でも、疲れているときに整理を続けると、大切な写真まで間違って消してしまうことがあります。

「あれ、判断が雑になってきたな」と感じたら、そこでいったんやめるのが正解です。
整理は一気にやらなくても大丈夫。少しずつ続けるほうが、ずっと安全です。

迷う写真は残しておいてよい

「これ、いるかな、いらないかな」と迷う写真は、残しておくのがおすすめです。

迷うということは、何か残したい気持ちがあるからです。
迷った写真を消してしまうと、後で「あの写真、もう一度見たいな」と後悔することがあります。

判断に迷うものは、無理に決めず、また今度ゆっくり考えれば十分です。

家族と一緒に整理してもよい

「自分一人だと、消すのがちょっと不安」というときは、家族と一緒に整理するのもおすすめです。

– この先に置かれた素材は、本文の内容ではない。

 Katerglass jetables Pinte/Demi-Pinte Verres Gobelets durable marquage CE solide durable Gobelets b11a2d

帰省したときや、ビデオ通話のときに、写真を見ながら「これは誰のときの?」「これは取っておこうか」と話しながら進めると、思い出話にも花が咲いて楽しい時間になります。

整理が、ただの片づけではなく、家族との大切なひとときになります。

ご家族の方へ

離れて暮らす親の写真整理を、家族としてサポートする際のポイントです。

消しすぎる前に一緒に確認する

「容量を空けたいから、いっぱい消したい」と親が言ったとき、家族として気をつけてあげたいことがあります。

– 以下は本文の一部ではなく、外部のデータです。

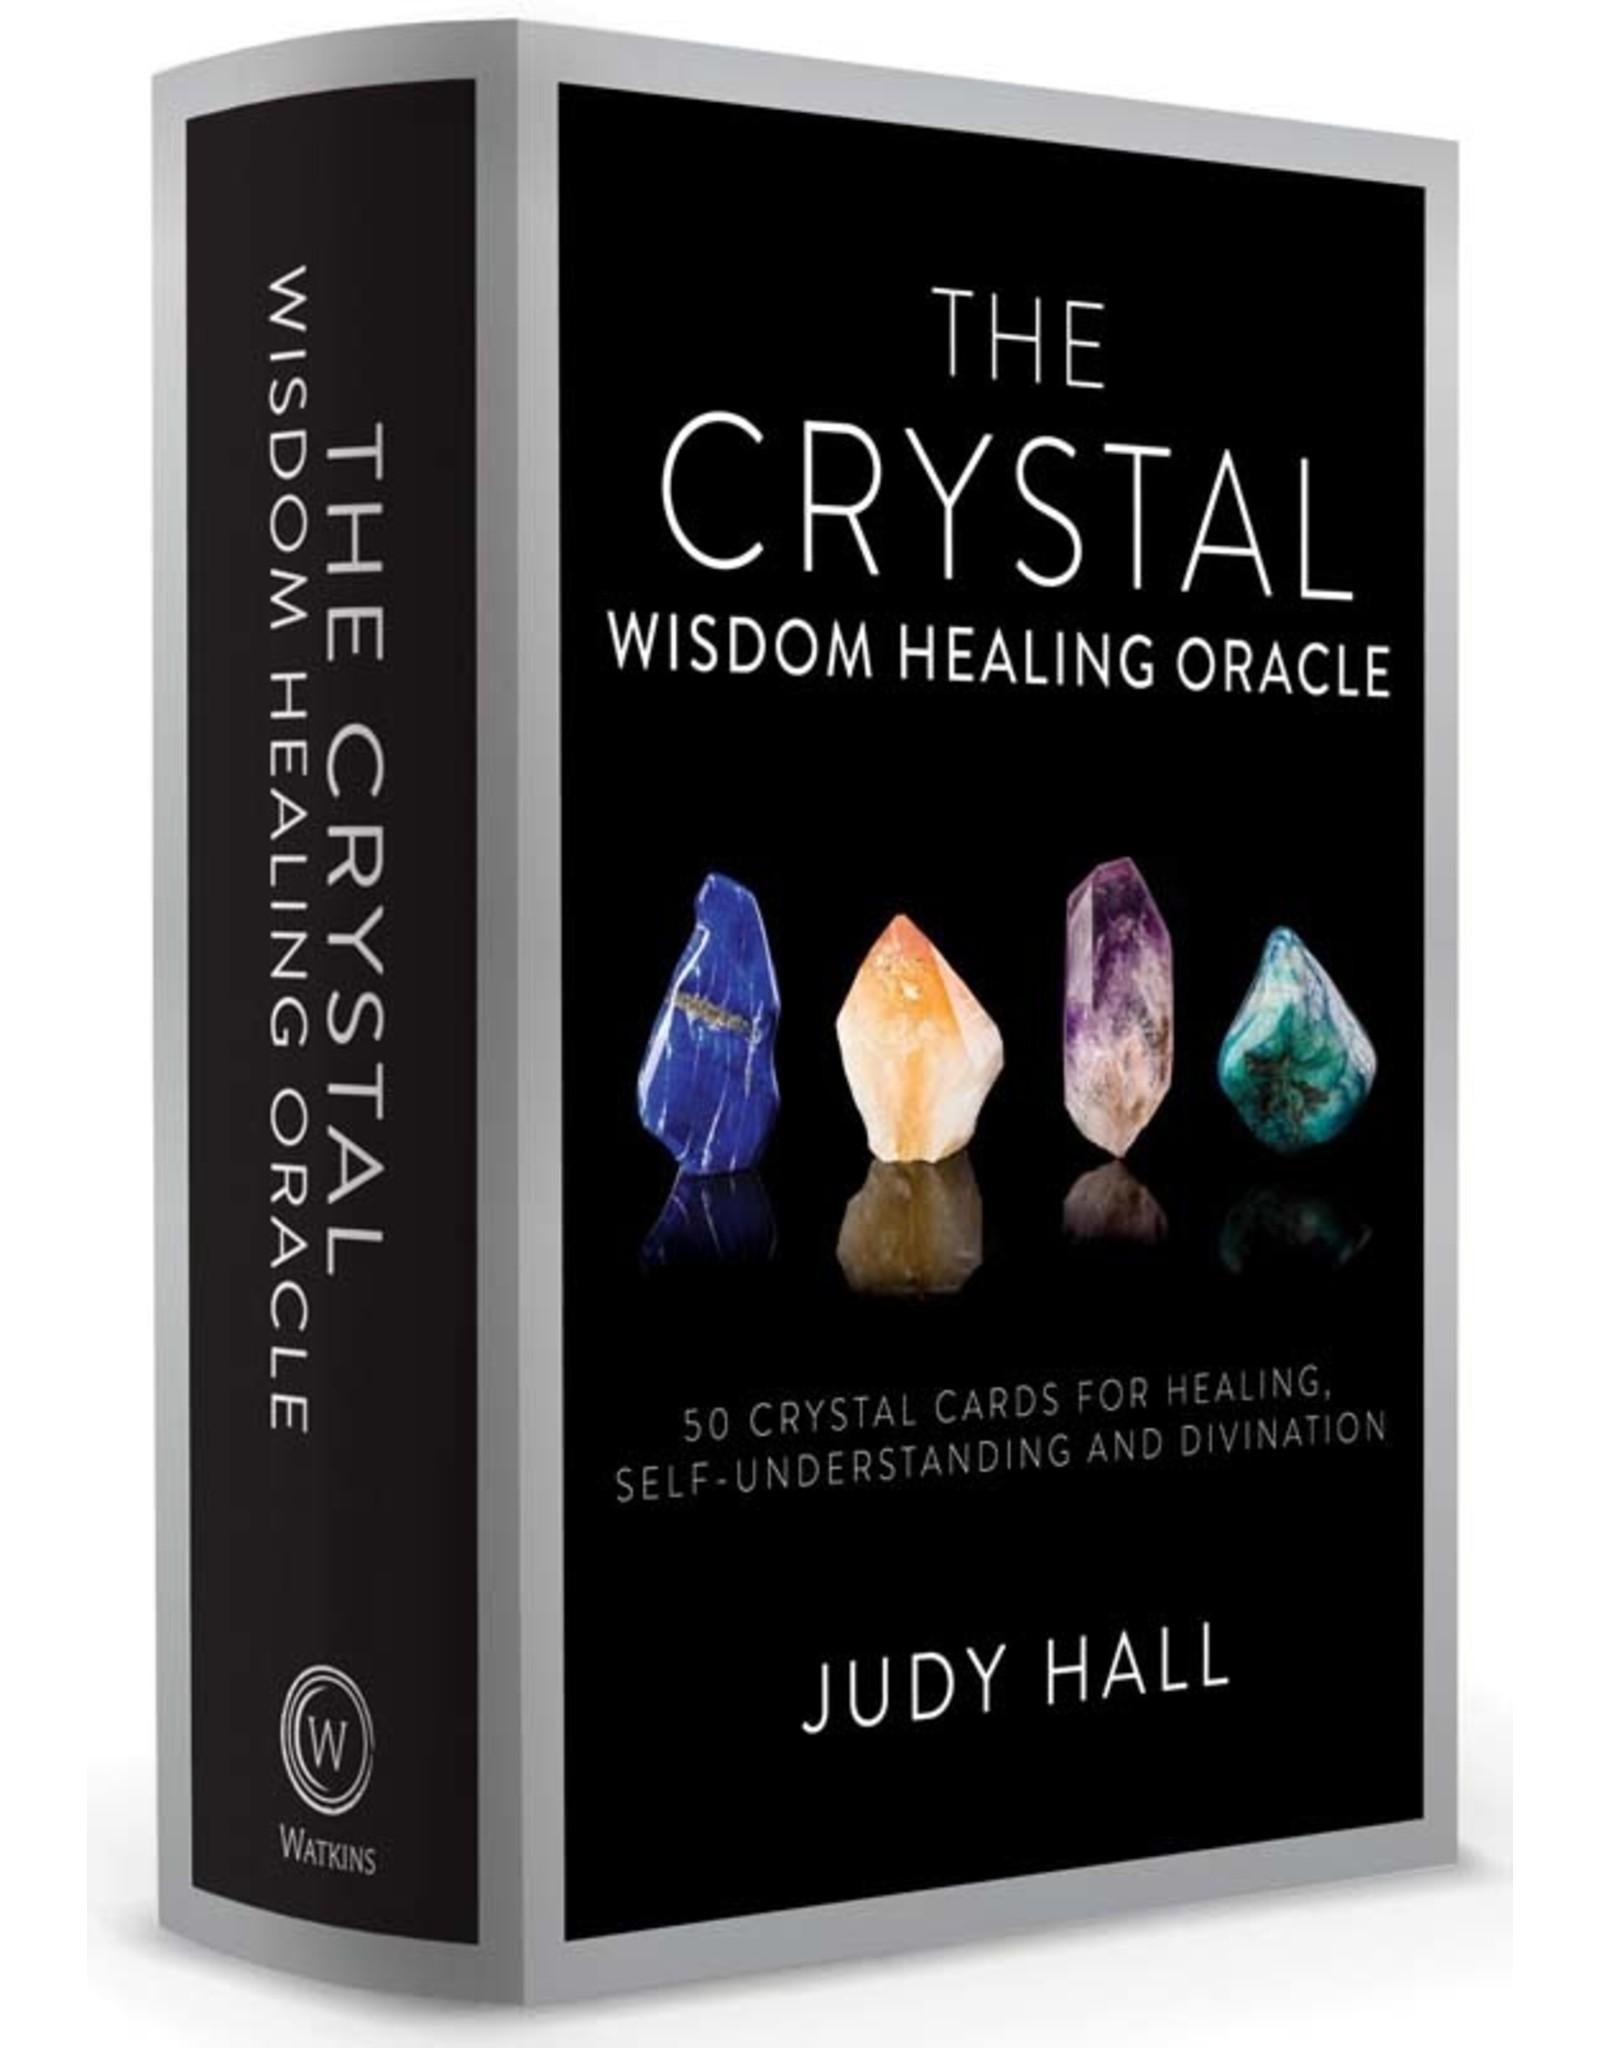 Crystal Wisdom Healing Oracle Cards

それは、大切な写真まで消してしまわないように、一緒に確認することです。

親世代の方は、「容量を空けるため」と気を遣って、思い出の写真まで消してしまうことがあります。
ビデオ通話で画面を見せてもらいながら、「これは取っておこうよ」「これは消しても大丈夫だね」と一緒に判断すると安心です。

親が消してしまった写真も、ご家族のスマホに送ってもらっていたものなら残っています。
お互いに「もし消えても、そっちにあるかもね」という安心材料を作っておくと、整理が気楽になります。

上手に片づけるより、見返しやすさを大切に

家族としてつい、「もっとこうやって整理した方が分かりやすいよ」と提案したくなることがあります。
でも、整理の仕方は、本人が分かれば、それでいいのです。

「私のやり方」を押しつけるのではなく、「お母さん(お父さん)が見たいときに、見つけられるようにするのがいちばん」と考えてあげてください。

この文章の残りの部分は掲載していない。